Deeb, Spence, and the Melendez brothers were all indicted late in 1983. District Attorney Vic Feazell, whose office had been instrumental in continuing to pursue new evidence in the case, would manage the prosecution against the accused. Spence and both Melendez brothers were, at the time, already serving prison sentences for various crimes.
The evidence against the men largely consisted of testimony provided by other inmates, who claimed that the defendants had admitted to their involvement in the killings in private discussions, as well as confessions made by Anthony and Gilbert Melendez. Also considered was the confession Deeb had made to the two young women about his involvement in the killings, as well as the life insurance policy he had taken out for his employee. Bite marks on the victims were also presented as evidence of Spence’s involvement.
The trials began in May, with testimony from dental specialists supplementing the evidence that had been provided by the prison witnesses. In June, Anthony Melendez pleaded guilty to the crimes and was sentenced to life imprisonment. Spence’s case was badly damaged by Melendez’ confession, which played a key role in his eventual conviction in July 1984. Unlike Melendez, Spence was sentenced to death for his involvement in the killings.

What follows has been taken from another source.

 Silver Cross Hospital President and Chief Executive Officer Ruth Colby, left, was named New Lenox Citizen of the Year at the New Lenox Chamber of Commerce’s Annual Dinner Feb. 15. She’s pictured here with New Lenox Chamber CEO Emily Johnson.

In 1986, true-crime writer Carlton Stowers published his account of the murders and police investigation surrounding the Lake Waco murders, Careless Whispers. The book focused heavily on Truman Simons’ involvement in producing the evidence which led to the convictions.

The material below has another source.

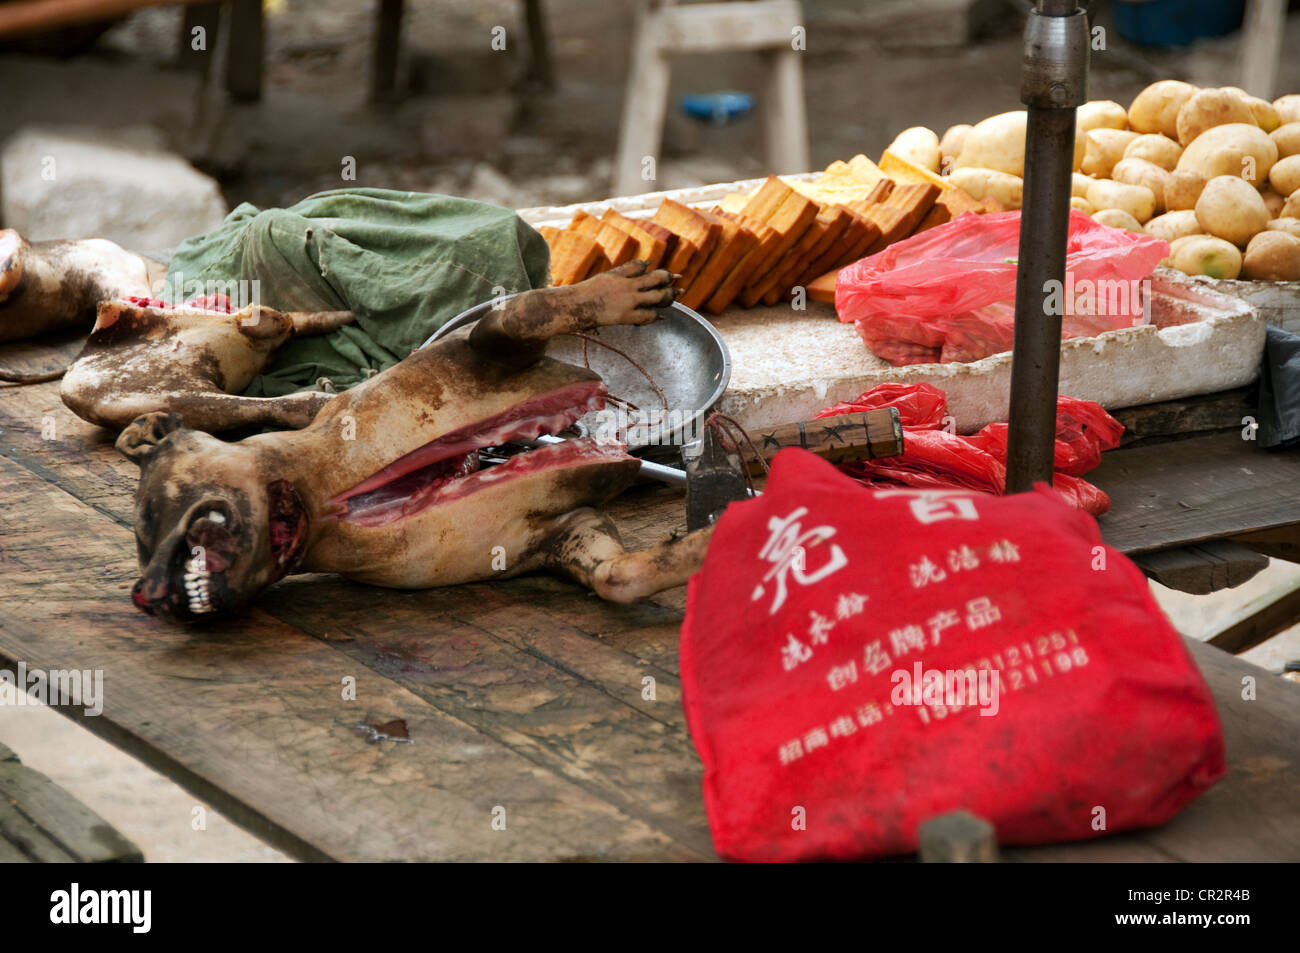 Dog meat and tofu on sale on a market stall, Zhaoxing Dong Village, Southern China Stock Photo

Following the convictions of Spence and Deeb, some began to question the substance of the evidence on which the convictions had been based and the methods through which it had been obtained. Forensic odontologist Homer Campbell was proven to have made false assessments at around the same time, and when a blind panel examined the alleged bite marks and a mold of Spence's teeth, three said that the marks were not even bite marks, and the other two matched them to a Kansas housewife. Three of the seven people who said Spence confessed later stated that Simons had offered them privileges in order to secure their testimony and had fed them info on what to say. Spence's lawyers also discovered an alternate suspect in Terry Harper, a local thug with a history of knife-related offenses. Six witnesses testified to seeing Harper and his friends in the park on the night of the murder, and others claimed that he had boasted of committing the murders (some even said that he did this even before the crime was made public). Also, one of the victims, Kenneth Franks, was later found to have been an associate of Harper's in the drug trade. When Harper was interviewed by Spence's lawyers, he claimed that he was at home watching Dynasty; records showed that Dynasty did not air that night. Brian Pardo, a wealthy Texas businessman, met Spence a few months prior to his execution and, on becoming convinced of his innocence, launched a campaign to delay his death sentence so that a new trial could be commenced. His efforts were unsuccessful, but they brought attention to the case following Spence’s execution.
Bob Herbert wrote a series of articles for The New York Times in 1997, with headlines such as “The Wrong Man” and “The Impossible Crime,” in which he claimed that the case had been “cobbled […] together from the fabricated and often preposterous testimony of inmates who were granted all manner of favors in return.”